Un film veramente intenso e coinvolgente quello di questo regista francese, coadiuvato da due attori estremamente calati nei loro personaggi, resi credibili da due interpretazioni decisamente sopra la media. L'idea che il film cerca di propugnare è quella della mancanza di scelta; in un ambiente come quello carcerario del film di Audiard non esistono vie alternative: o essere protetti (e soggetti) a qualche potente (soccombere, insomma), o farsi strada con subdola e spietata brutalità.
Si finisce (purtroppo) per immedesimarsi nel protagonista.
Del resto, l'affermazione fatta da uno dei personaggi durante il film la dice lunga: "L'idea è di uscire meno co***one di quando sei entrato...".
Difficile comprendere se l'autore abbia voluto indirizzare una critica aperta verso il sistema carcerario francese, mostrandone uno spaccato, o se abbia semplicemente mostrato una realtà singola adattata alle esigenze narrative del film.
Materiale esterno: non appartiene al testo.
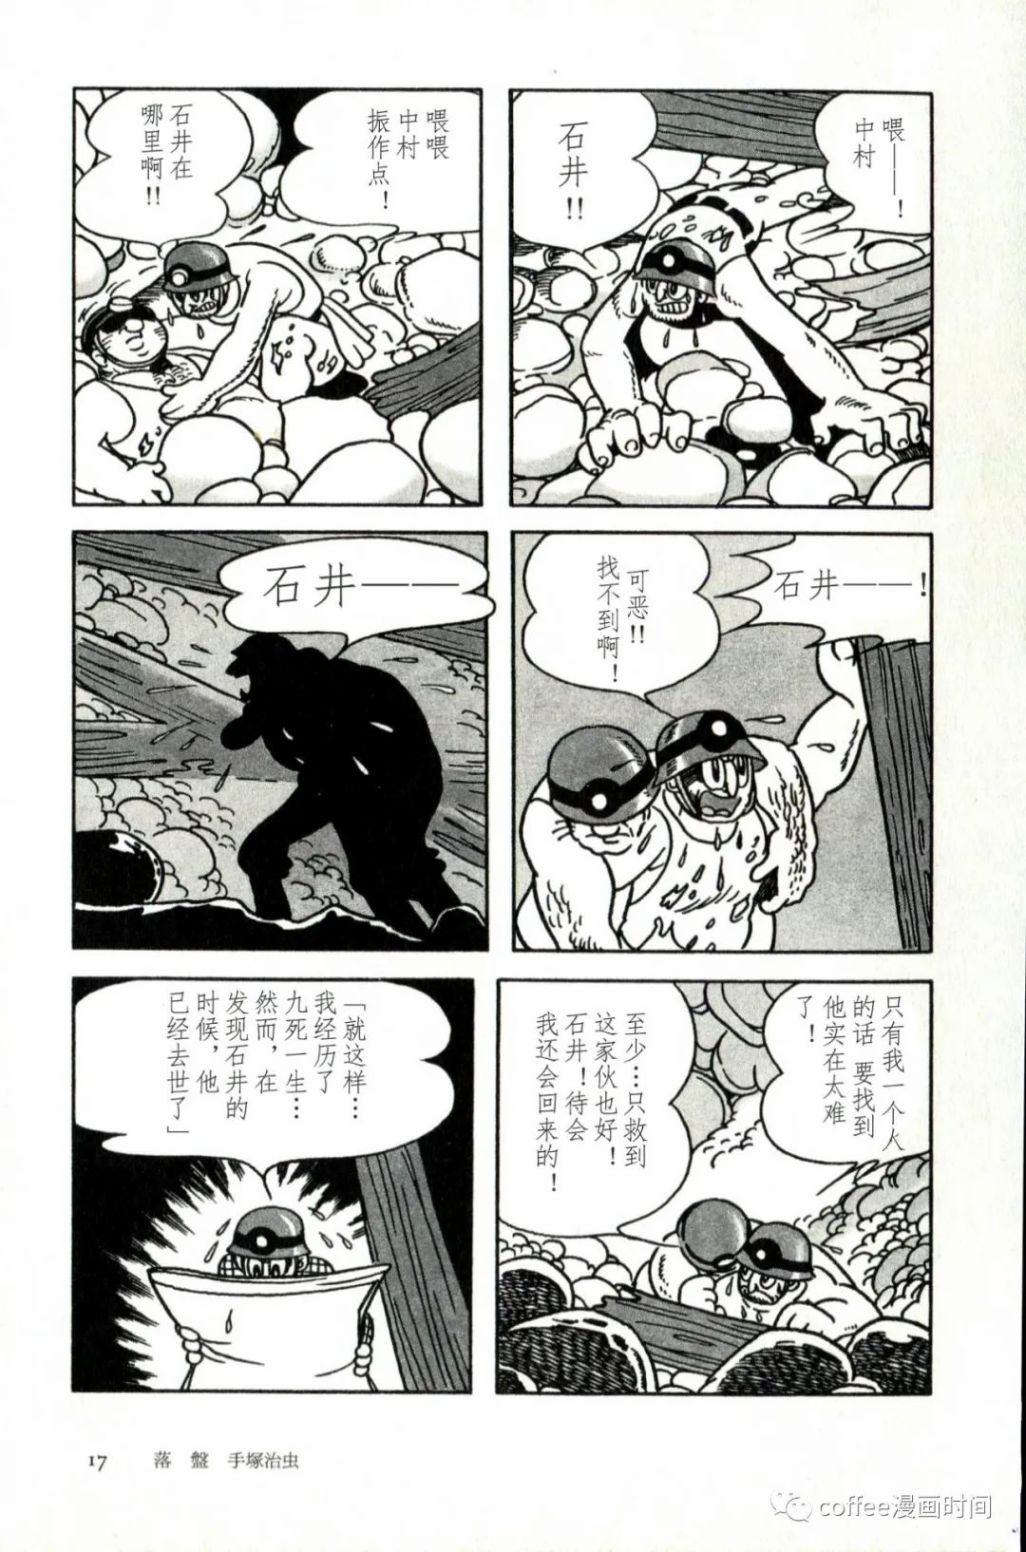 日本短篇漫畫傑作集 - 手冢治虫《落盤》 - 3

In ogni caso, nella realtà magistralmente mostrata dal regista non esiste la benchè minima possibilità di redenzione nè di riabilitazione...
Non è certamente un film da guardare in compagnia...
Che sia fatto bene sicuramente si, ma alla fine ci pensi su e ti chiedi se ti ha insegnato almeno qualcosa... forse che la violenza paga?
Niente da fare, il mio 1 è per abassare la media.
Film con un importante potenziale narrativo, con il protagonista Malik ben interpretato da Tahar Rahim (anche se personalmente mi è piaciuto assai di più Niels Arestrup nel ruolo del boss còrso Luciani); è lo stile registico, a scene brevi e telecamera piuttosto mobile, che non mi ha entusiasmato e non mi ha coinvolto molto. E' un peccato perchè poi il film, con una trama del genere, è insolitamente lungo e rischia di annoiare lo spettatore (almeno a me è successo di guardare un paio di volte l'orologio). Le scene di violenza ci sono ma non sono assolutamente ostentate, e questo va a merito del regista.
Promosso con riserva.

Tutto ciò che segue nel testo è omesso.